GenomeSync |
2024-12-03 update: 1,111,526 genomes 16,235 Gbp 3,431 GB |
About
GenomeSync is a collection of whole genome sequences aggregated from public databases (mostly NCBI) and compressed into NAF format. It aims to include all publically available genomes, however, for practicality it has only one genome per taxonomic node for plants and animals. Please explore the content on the Statistics page. Genome names are consistent with the bundled snapshot of NCBI taxonomy: taxdmp.zip.

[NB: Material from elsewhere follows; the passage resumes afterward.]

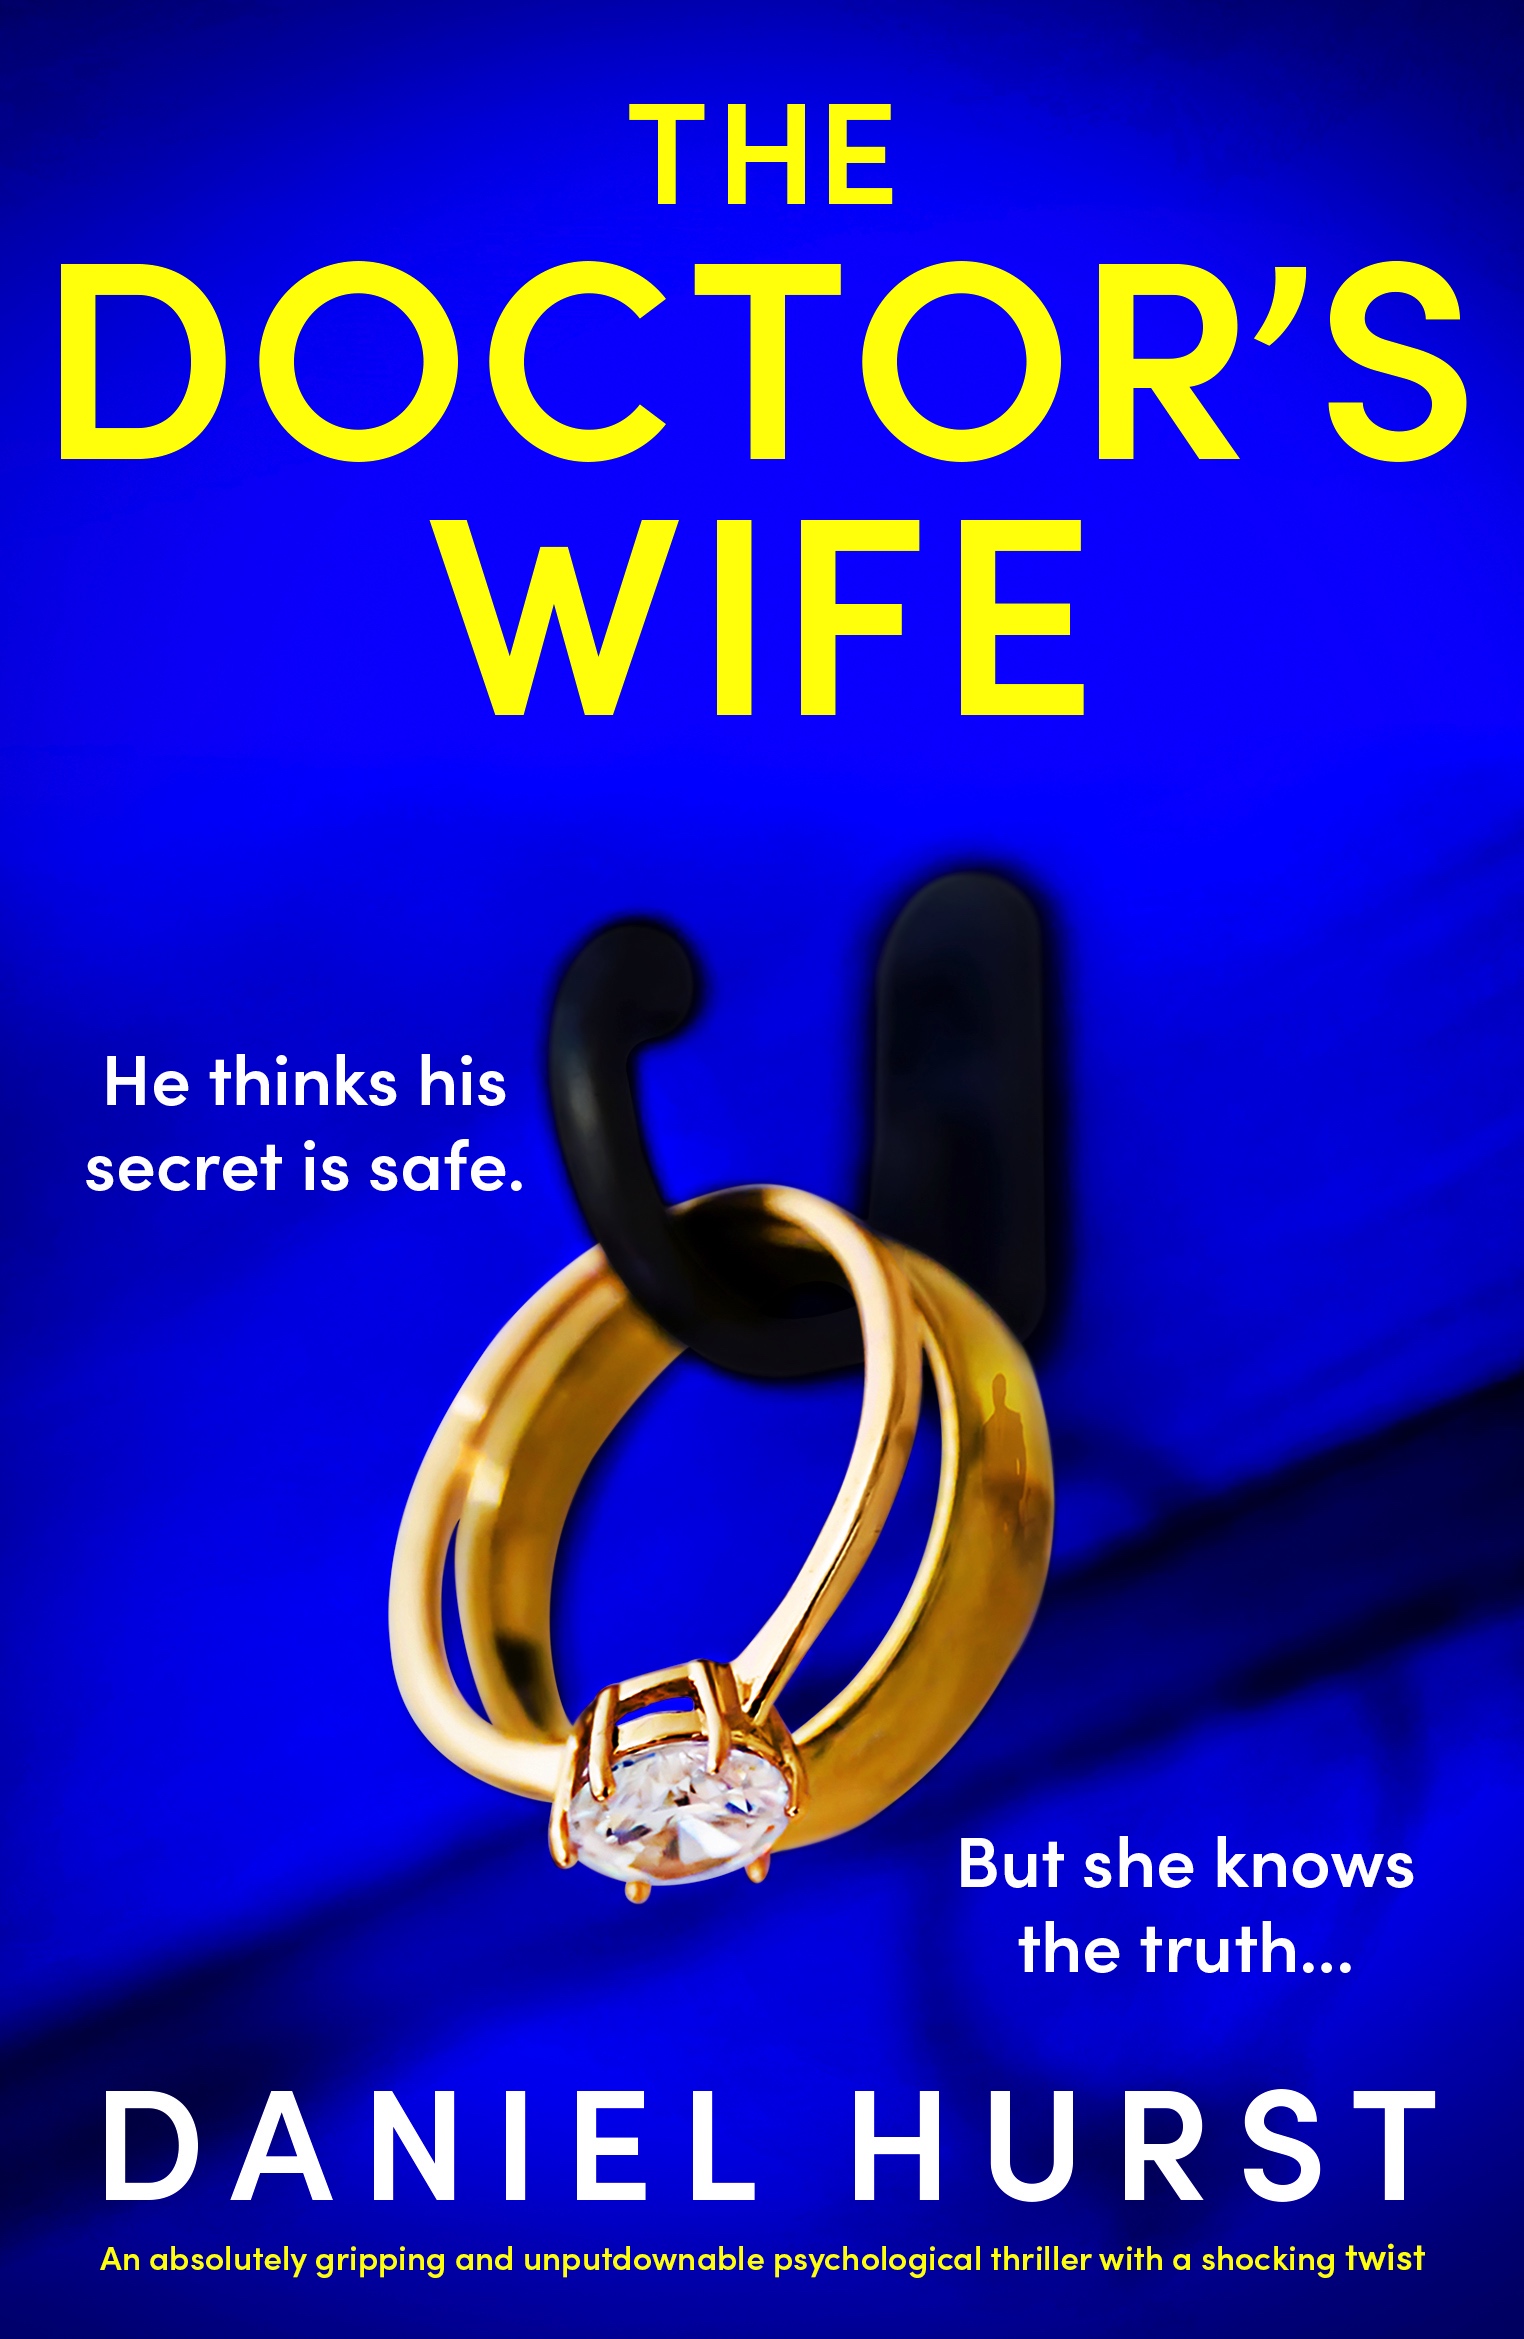 The Doctor's Wife book cover

Downloading and synchronizing
GenomeSync data is available at http://genomesync.nig.ac.jp/naf/. The genomes can be downloaded one by one, or all at once using tools such as wget. For selective downloading, wget can be combined with the Genome Selector tool. A previously downloaded set of genomes can be synchronized to the upstream GenomeSync. Please see details on the Downloading page.
Decompressing
Individual genomes are stored in the NAF format. They can be decompressed using this command: unnaf file.naf >file.fa. Also they can used without storing decompressed file, by piping unnaf output to another tool. E.g.: unnaf file.naf | grep ">" | wc -l.
Citation
Kirill Kryukov, So Nakagawa, Tadashi Imanishi (2024) “GenomeSync: a synchronizable database of genome sequences” iDarwin, vol. 4, 4-23.